"Are you ill?" "O no, William, I am not ill, but let us walk out into the garden; perhaps the cool winds of heaven will cool the fever upon my brow."
And so they wandered forth among the flowers, to breathe the air that comes alike to the children of affluence and pinching want. They reached a seat where they had spent many happy hours, over which climbing honeysuckles shed their perfume, and many bright flowers danced in the wind, or drank the pure dews of night as the pitying angel wept upon their bosoms. Hannah was upon her accustomed seat, and the eyes of her lover were fixed upon her with that fond expression she so well understood, and which found a ready response in her youthful heart. Now that heart was almost bursting with its agony of grief; but William was beside her, whispered words of tenderness and hope were murmured in her ear, and how could she break the spell? how could she speak of the gathering storm? The commands of a stern father were upon her, and she knew his indomitable spirit would never swerve one inch from his determination.

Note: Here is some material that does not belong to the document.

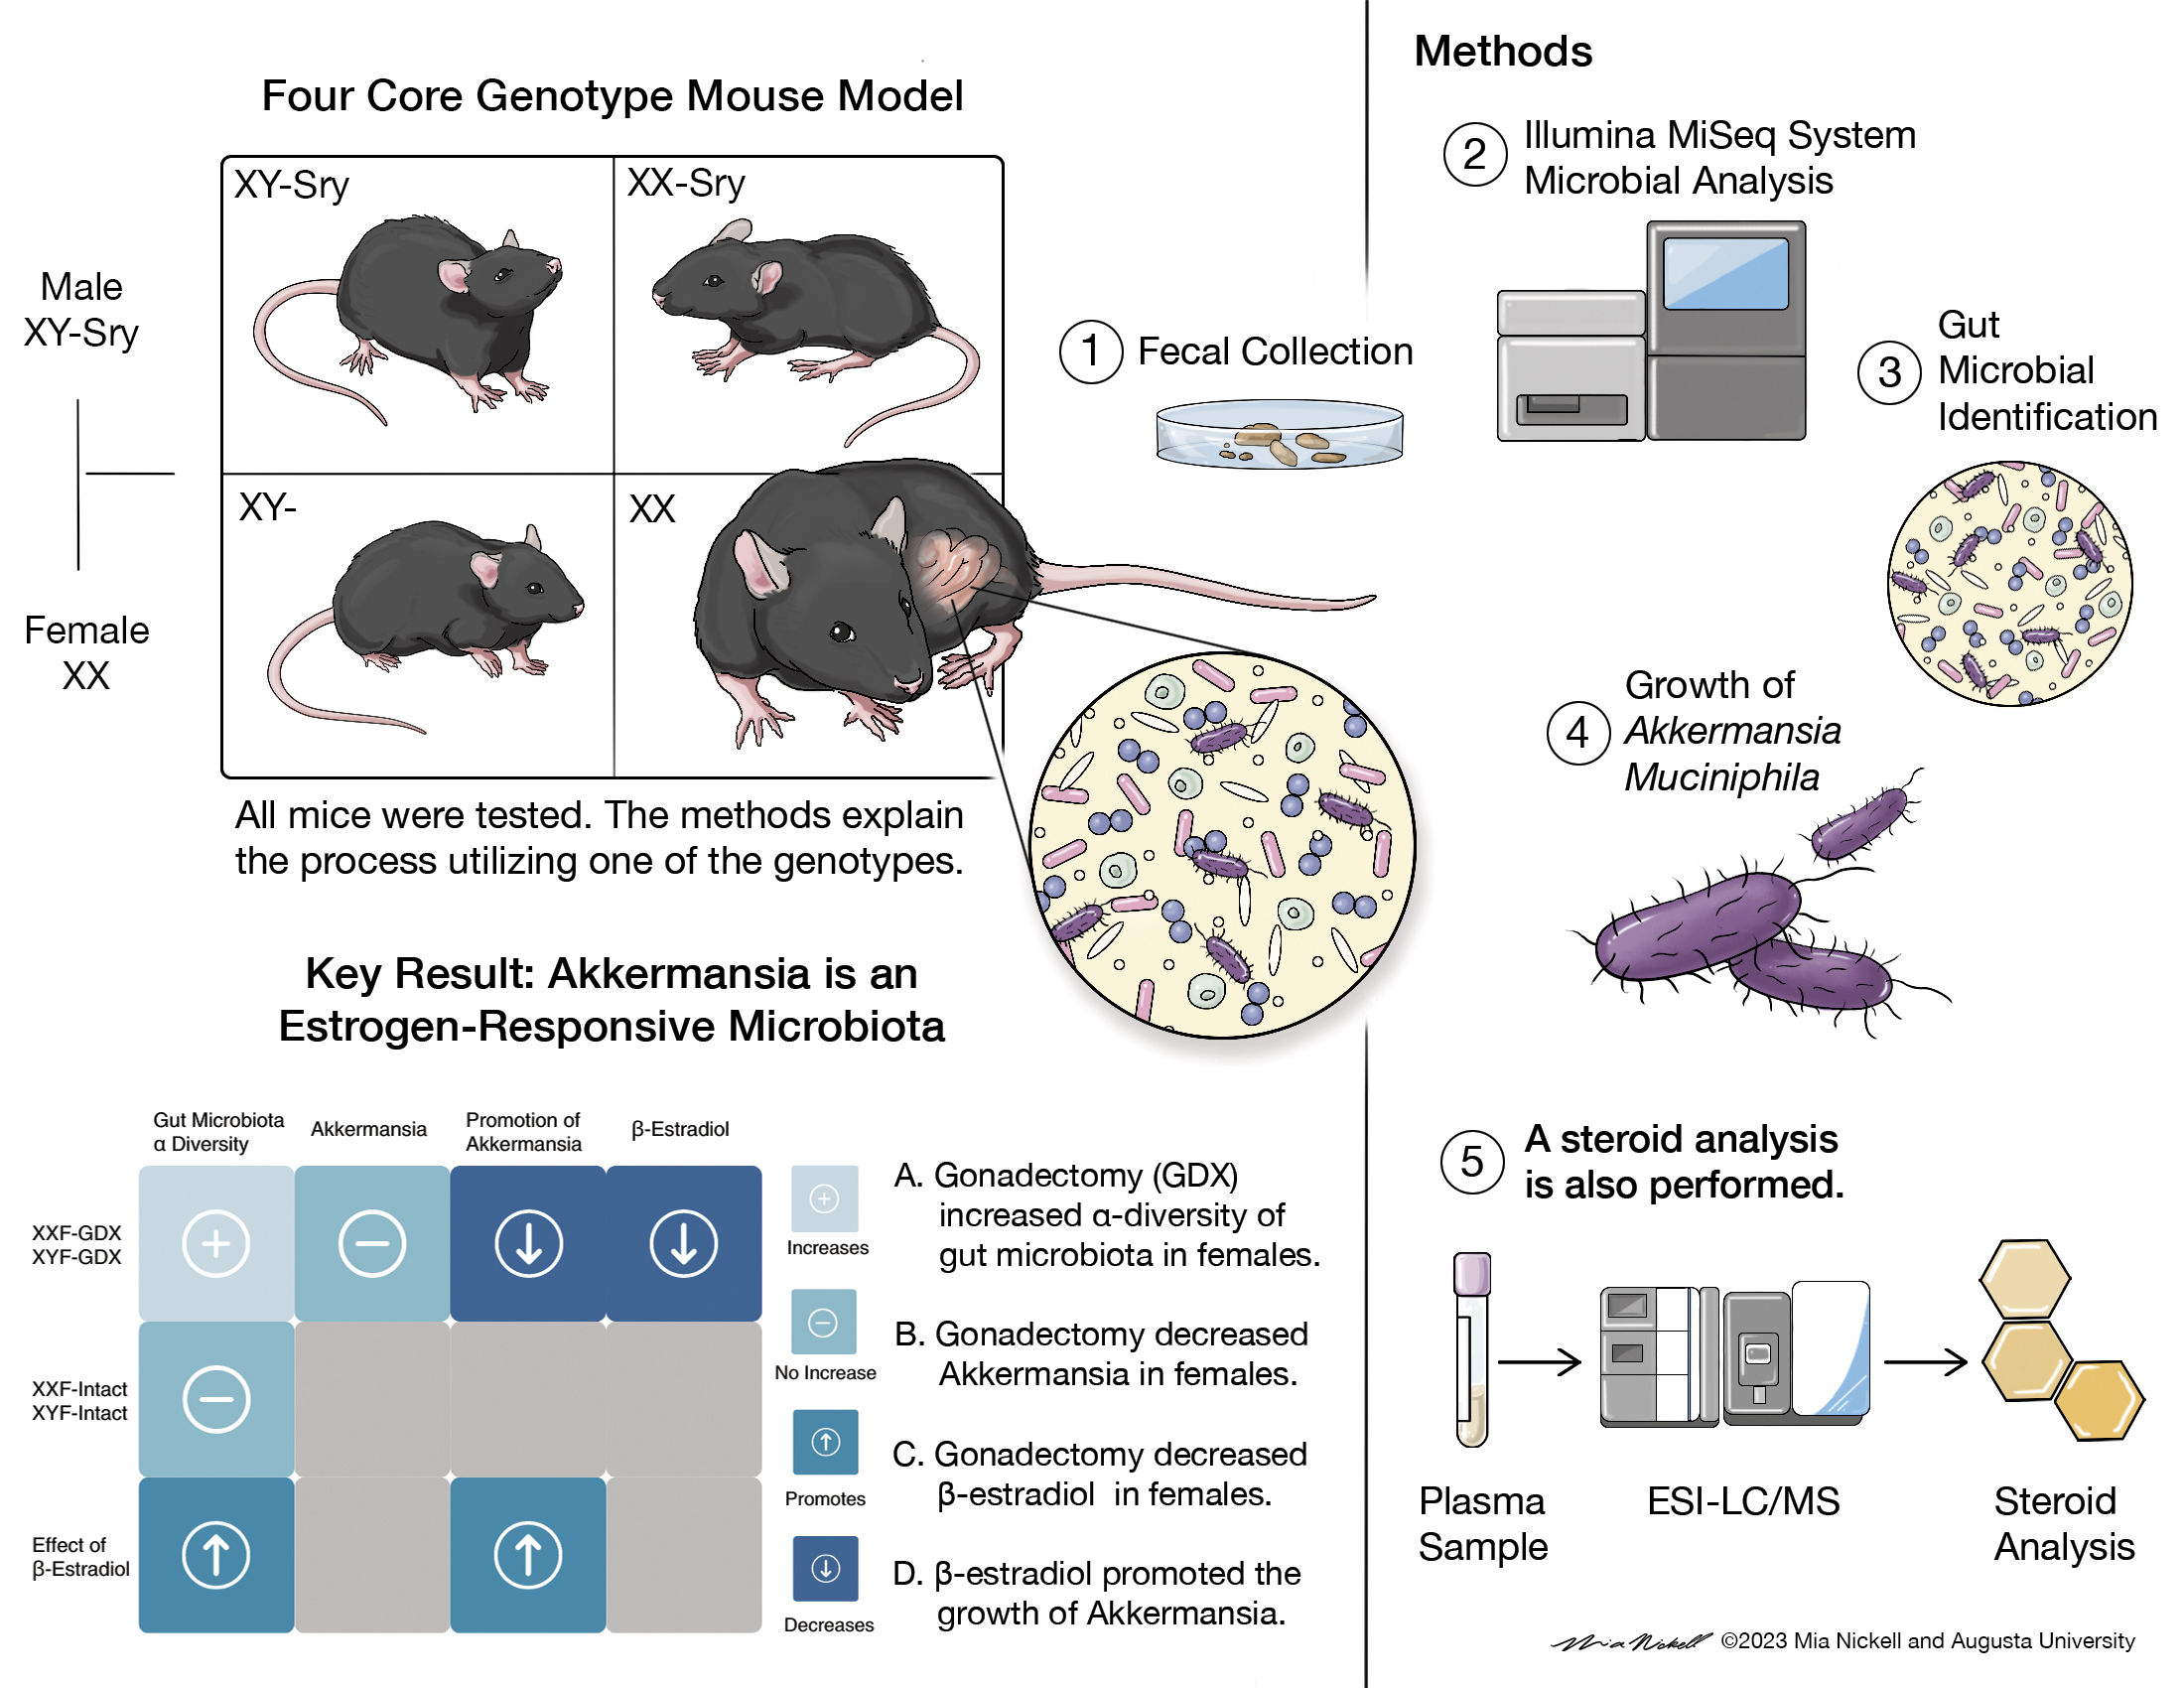 Title: Four core Genotype Mouse Model showing four mice. XY-SRY, XX-SRY, XY- and XX. All mice were tested. The methods explain the process utilizing one of the genotypes. 1. Fecal collection. 2. Illumina MiSeq Sytem Microbial Analysis. 3. Gut Microbial identification 4. Growth of Akkermansia Munciniphila 5. A steroid analysis is also performed. (plasma sample to ESI-LC/MS to Steroid analysis. Key result: Akkermansia is an Estrogen-responsive microbiota.

They sat till the family clock struck nine ere Hannah could muster courage to announce her father's decision, and related the conversation that had just occurred. William was perfectly astonished, as he replied,
"You certainly cannot yield to his commands? Hannah, the happiness of my life depends upon our union."
"Well, we will keep quiet a while and see what further light we can get upon the subject. I have a fearful foreboding that the haughty, stern looking stranger who has been here so much of late, has something to do with it. He has been officious in his attention to me, and I have trembled when I have seen his savage eyes fixed upon, me with such a peculiar expression. And so we will be quiet and wait the moving of the waters."
The following afternoon Captain Currier called his daughter into the parlor, and closing the door, said abruptly,
"Well, Hannah, I 'spose you have squared up accounts with William, and are now ready to enter a new firm. There is a noble chance for you my gal. The rich Mr. Benson has offered his hand to you in marriage."
"Impossible! Why, father, is not he an Indian?"
"No more of an Indian than you are; to be sure he is not quite as white as your milk and water Billy."
"I should think he was milk and molasses, at least, and the largest part molasses, but without its sweetness."